_REQUIRED WORK_
Give again, exactly and only, the lines running from the one with "Тарелка глубокая Luminarc" to the end of the material below; leave out pictures.

_STORED DATA_
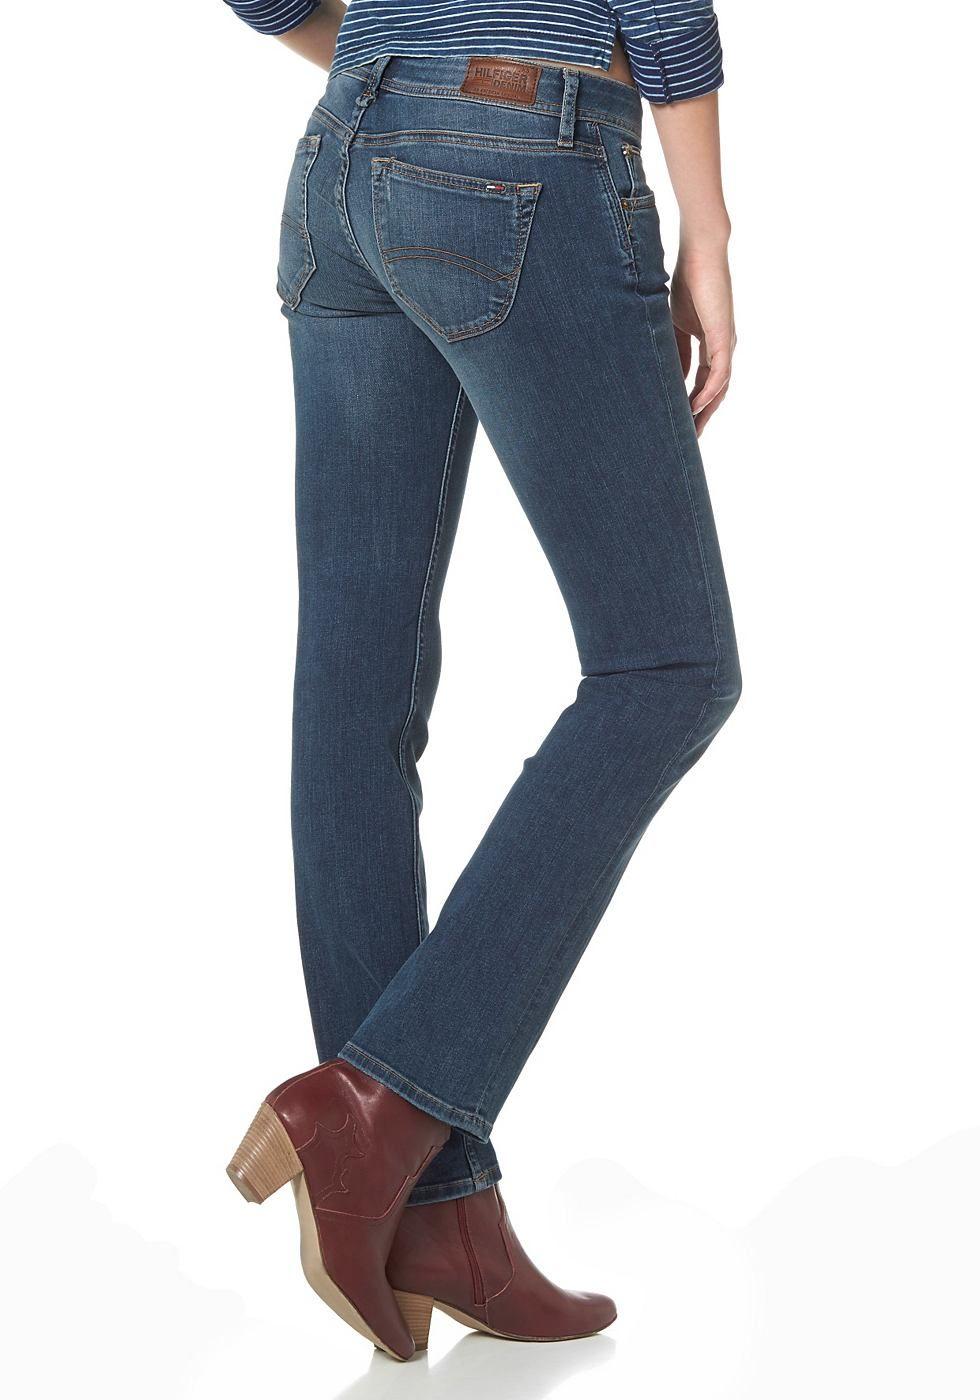 Materialzusammensetzung , Obermaterial: 98% Baumwolle, 2% Elasthan,  Material , Baumwollmischung,  Materialart , Jeans,  Materialeigenschaften , Stretch,  Stil , casual,  Waschung , used,  Leibhöhe , niedrig,  Beinform , gerade,  Beinabschluss , durchgesteppt,  Passform , schmal,  Schnittform Länge , lang,  Applikationen , Patches,  Taschen , Eingrifftaschen, aufgesetzte Taschen,  Verschluss , ...
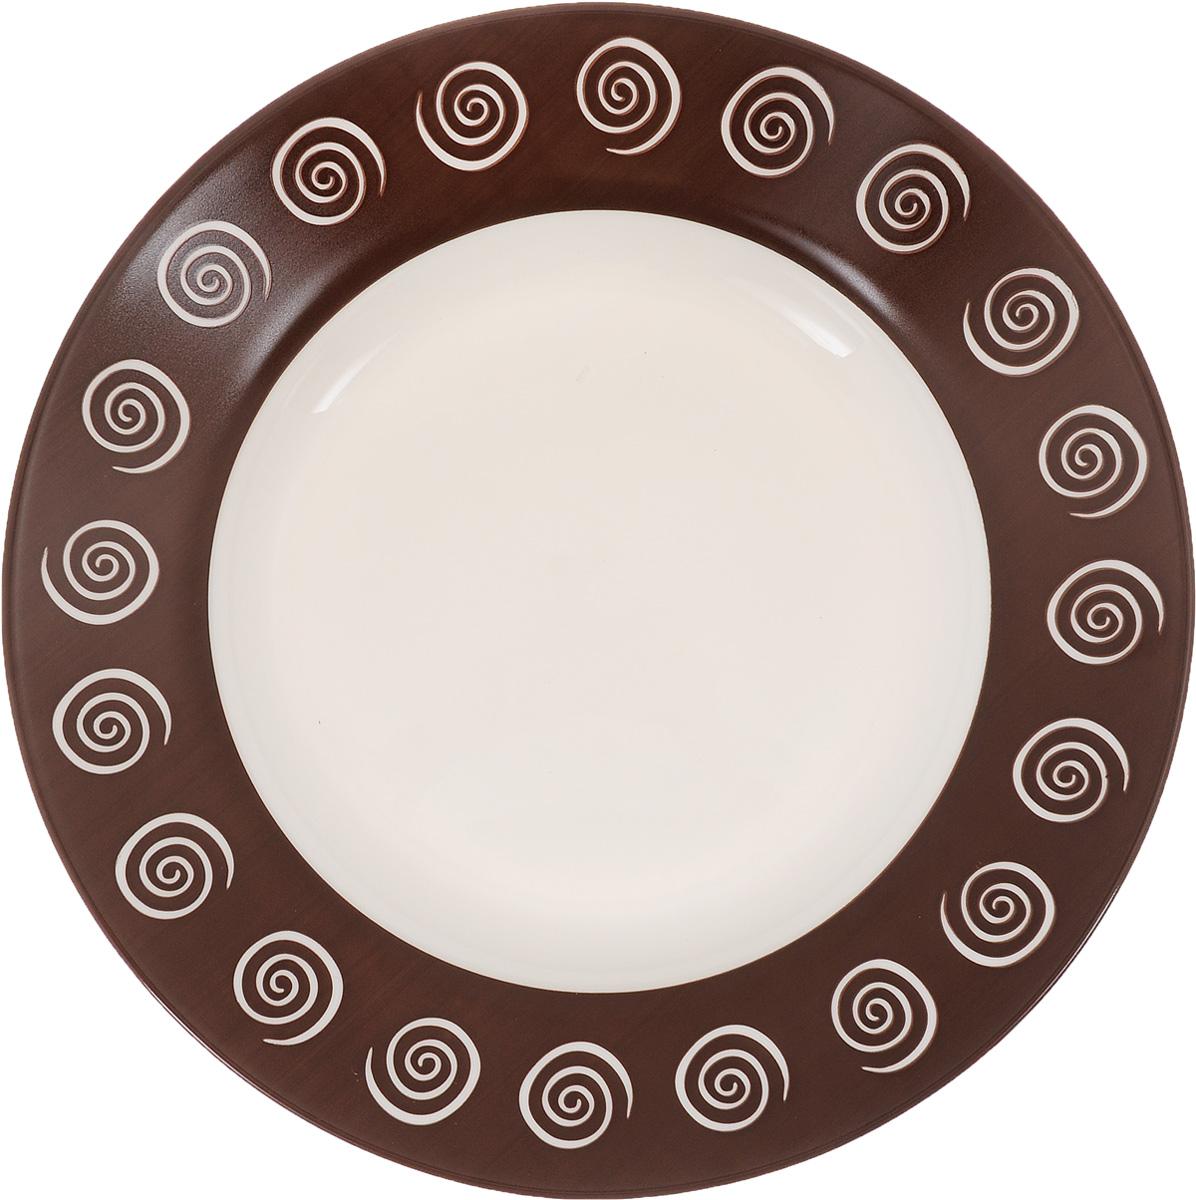 Тарелка глубокая Luminarc Sirocco, цвет: темно-коричневый, белый, диаметр 22 смH4886Глубокая тарелка Luminarc Sirocco выполнена изударопрочного стекла и оформлена ярким рисунком.Изделие сочетает в себе изысканный дизайн с максимальнойфункциональностью. Она прекрасно впишется винтерьер вашей кухни и станет достойным дополнениемк кухонному инвентарю. Тарелка Luminarc Sirocco подчеркнет прекрасный вкус хозяйкии станет отличным подарком. Диаметр (по верхнему краю): 22 см.Высота тарелки: 3 см.
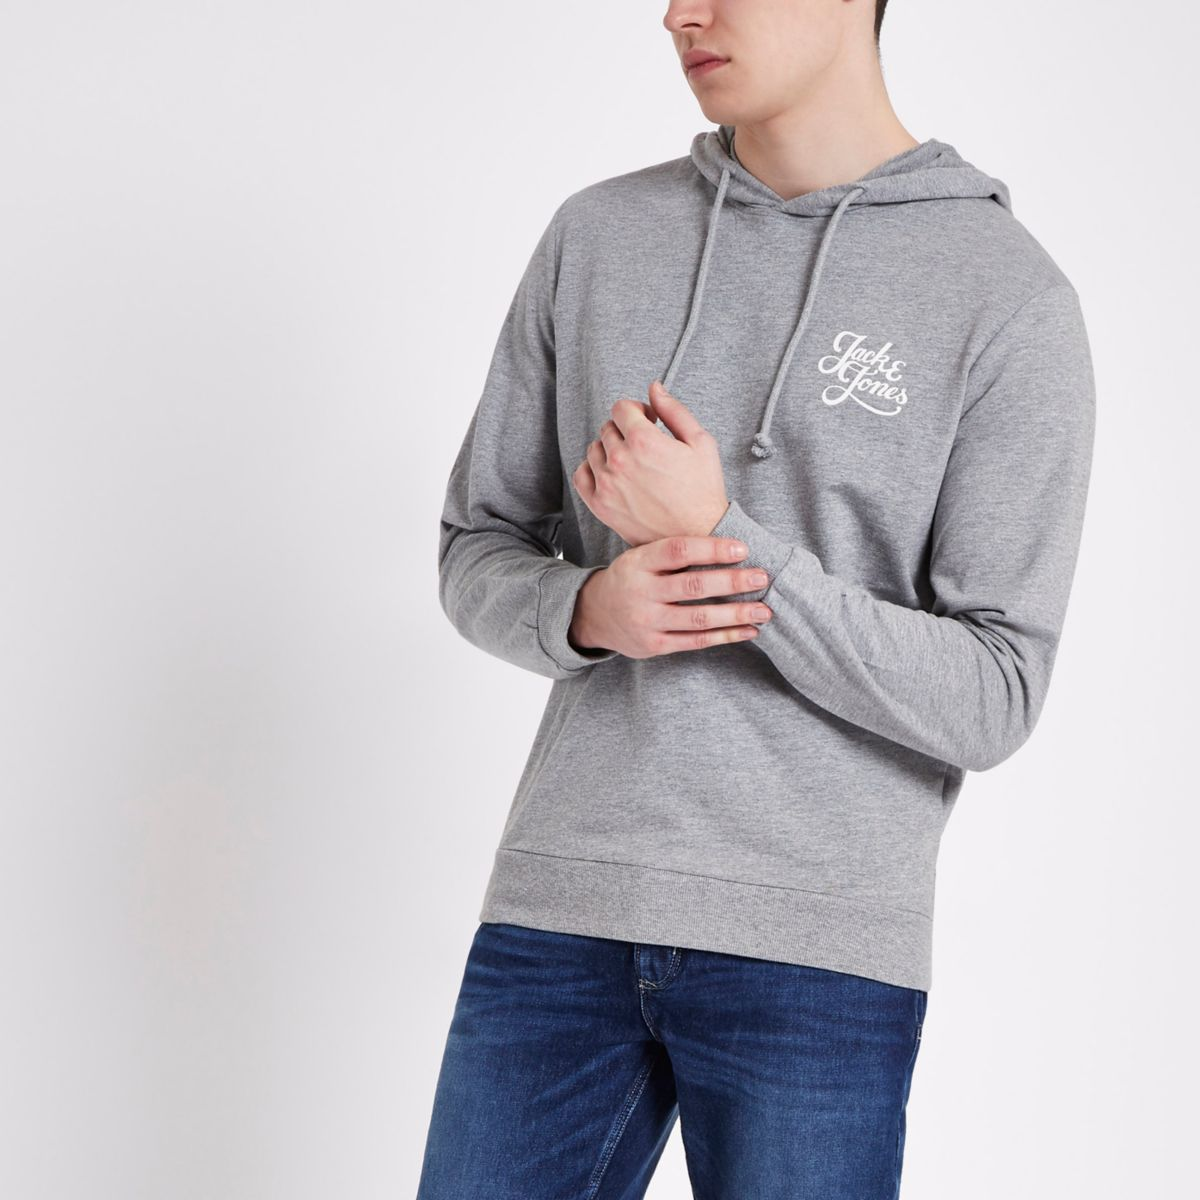 Jack & Jones Originals grey hoodie

_OUTPUT FOR THIS EXERCISE_
 Тарелка глубокая Luminarc Sirocco, цвет: темно-коричневый, белый, диаметр 22 смH4886Глубокая тарелка Luminarc Sirocco выполнена изударопрочного стекла и оформлена ярким рисунком.Изделие сочетает в себе изысканный дизайн с максимальнойфункциональностью. Она прекрасно впишется винтерьер вашей кухни и станет достойным дополнениемк кухонному инвентарю. Тарелка Luminarc Sirocco подчеркнет прекрасный вкус хозяйкии станет отличным подарком. Диаметр (по верхнему краю): 22 см.Высота тарелки: 3 см.
 Jack & Jones Originals grey hoodie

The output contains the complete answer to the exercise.